Consider state vectors \(x_t\) and observation vectors \(y_t\) that evolve as follows:
\[\begin{aligned} x_{t+1} &= A x_t + \delta_t \cr y_{t+1} &= C x_t + \epsilon_t, \end{aligned}\]
where \(\delta_t\) and \(\epsilon_t\) are each, say, iid Normal, mean 0 noise with fixed covariance. (These are called the state noise and measurement noise, respectively.)
If \(\hat x_{t+1}\) (and \(\hat y_{t+1}\)) is the best predictor of \(x_{t+1}\) (and \(y_{t+1}\)) given observations up to time \(t\), then
\[ \hat x_{t+1} = A \hat x_t + K_t (y_t - \hat y_t), \]
which is of the same form we just computed.
This gives us a functional implementation of the Kalman Filter.

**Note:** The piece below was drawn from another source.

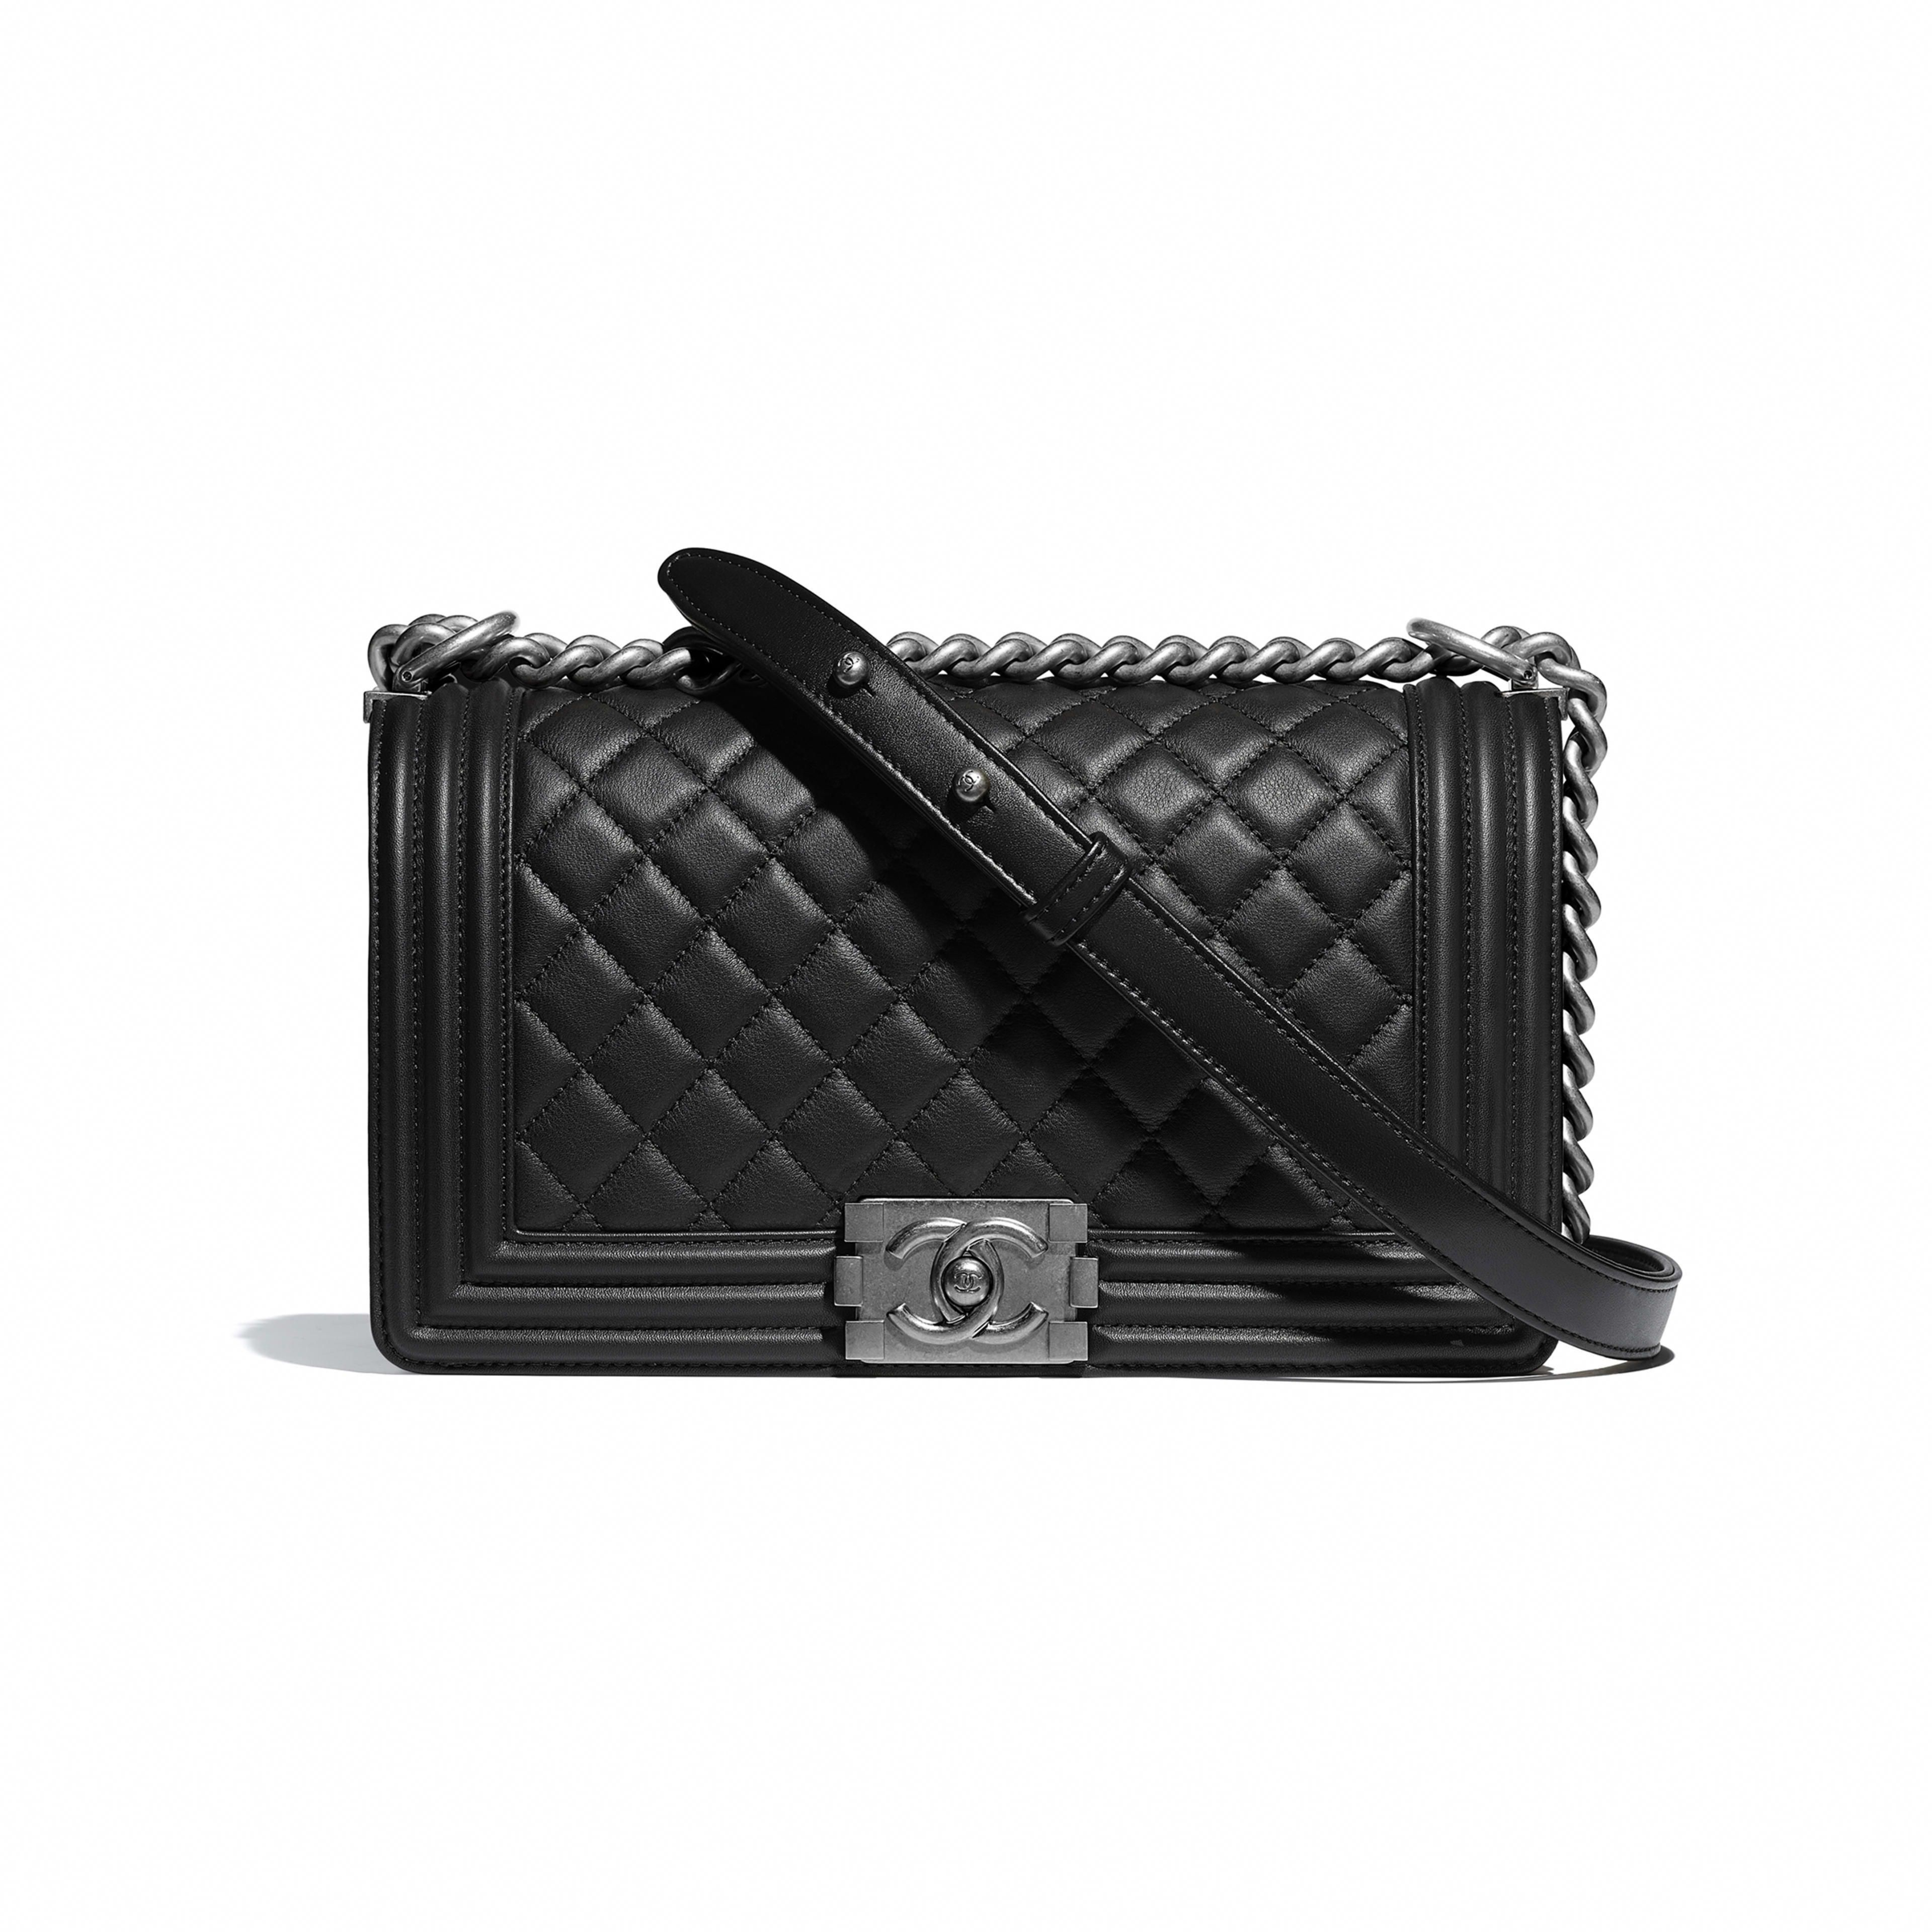 763da308c94d Chanel Boy 2017 New Medium Flap Crossbody Black Lambskin Leather Shoulder  Bag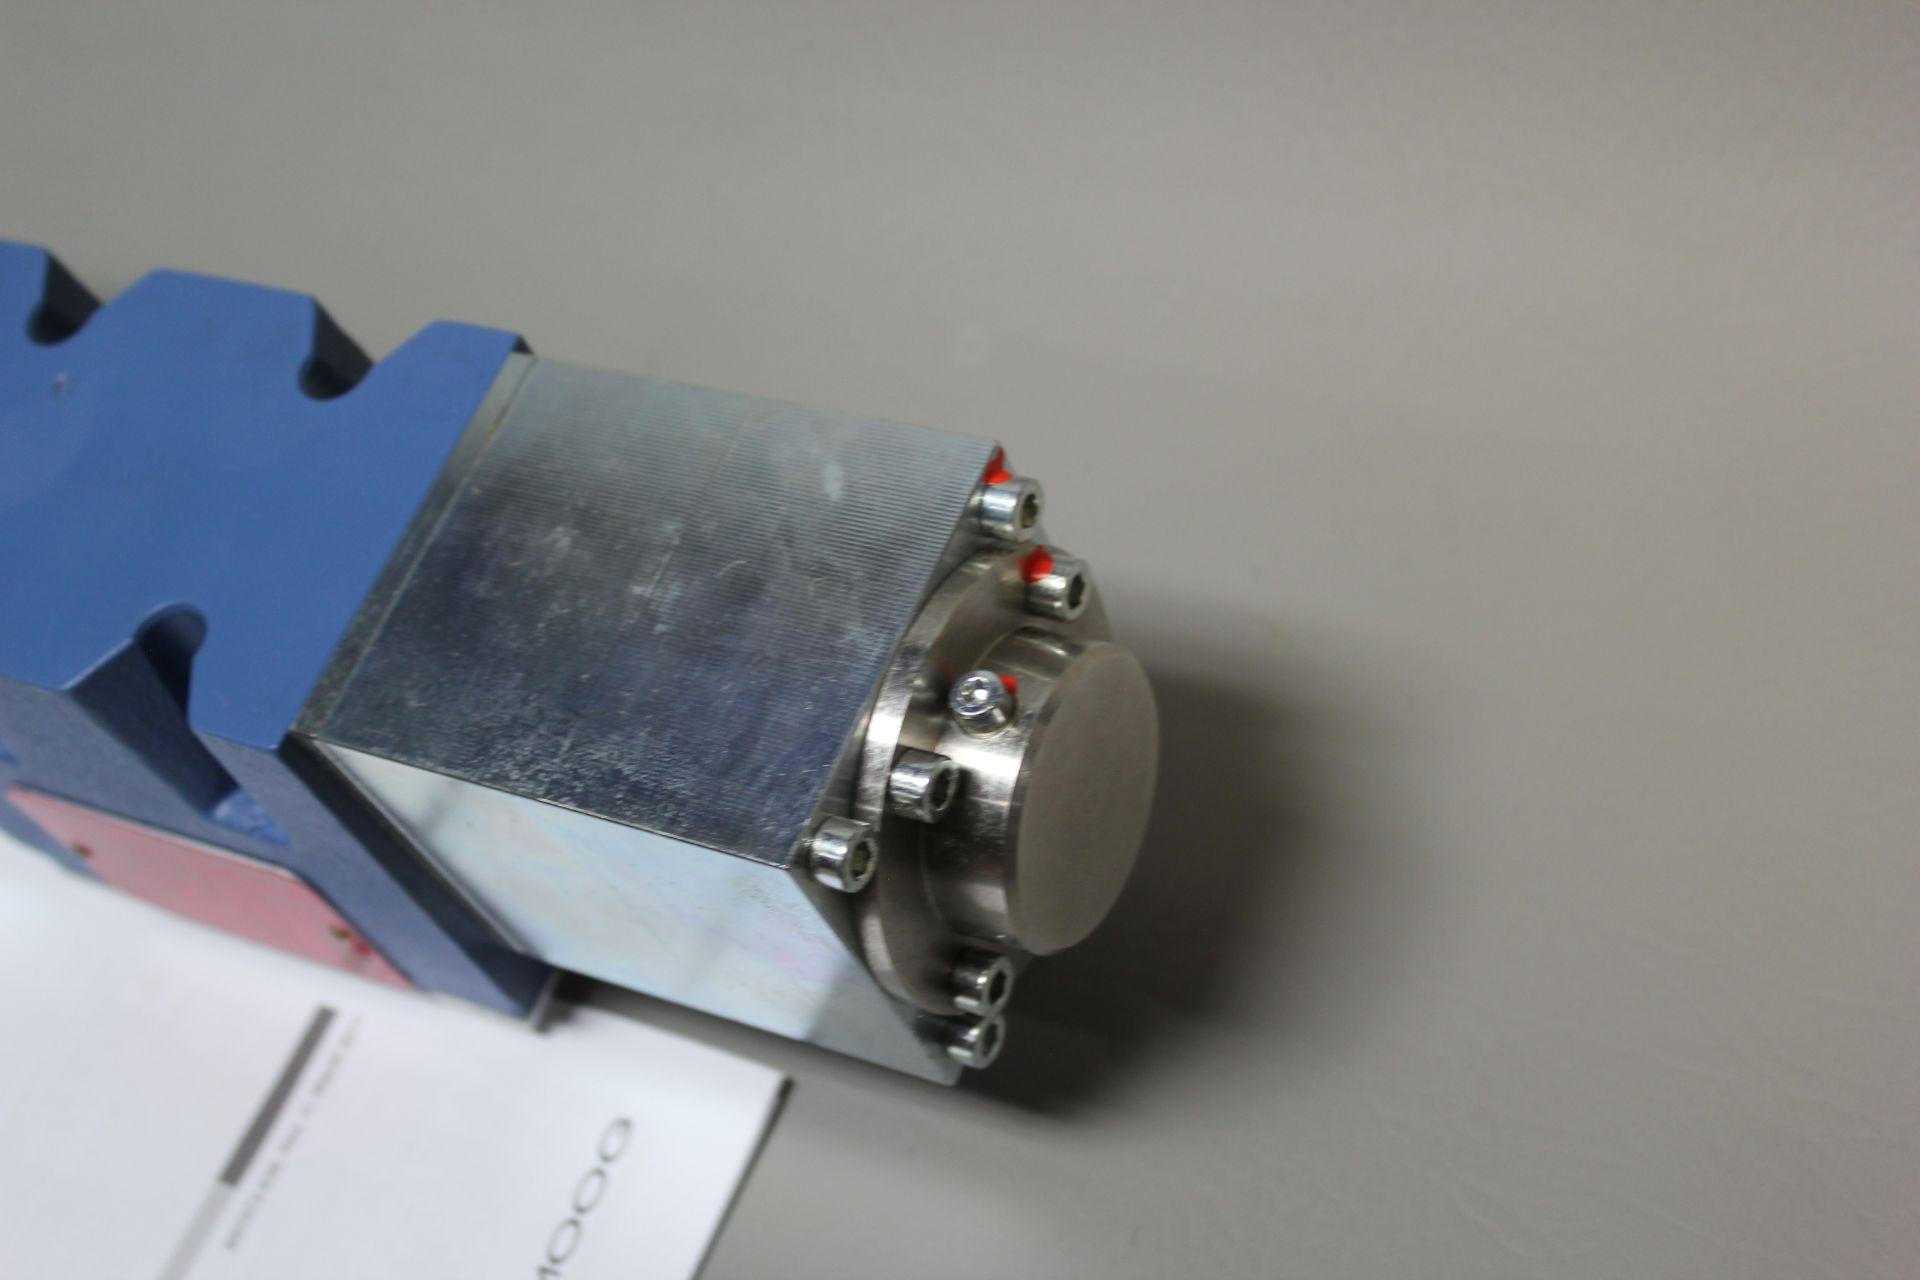 NEW MOOG DIRECT DRIVE DIGITAL CONTROL HYDRAULIC SERVO VALVE - Image 8 of 14

Markov Chain Monte Carlo #
Markov Chain Monte Carlo (MCMC) is a simulation method where we create a Markov chain whose limiting distribution is a distribution from which we want to sample.
(defn mcmc-step
"Make one step in MH chain, choosing random move."
[state moves]
(let [move (random-choice moves)]
(metropolis-hastings-step (move state))))
(defn mcmc-sample
"Generate an MCMC sample from an initial state.
Returns a lazy sequence.
Keyword arguments:
:move -- a collection of moves, which are
functions from state to a candidate
:select -- a selector function which indicates
a boolean for each index and state
if that state should be kept in the
output
:extract -- a function to extract features
(e.g., parameters) from the state
"
[initial-state & {:keys [moves select extract]
:or {select (constantly true),
extract identity}}]
(letfn [(stepper [index state]
(lazy-seq
(if (select index state)
(cons (extract state)
(stepper (inc index) (mcmc-step state moves)))
(stepper (inc index) (mcmc-step state moves)))))]
(stepper 0 initial-state)))
(def chain
(mcmc-sample initial-state
:select (mcmc-select :burn-in 1000 :skip 5)
:extract :theta1
:moves [(univariate-move :theta1 random-walk 0.1)
(univariate-move :theta2 random-walk 0.4)
(univariate-move :theta3 random-walk 0.2)]))
(take 100 chain)
The design of this chain is modular, and easily adaptable to a wide variety of models.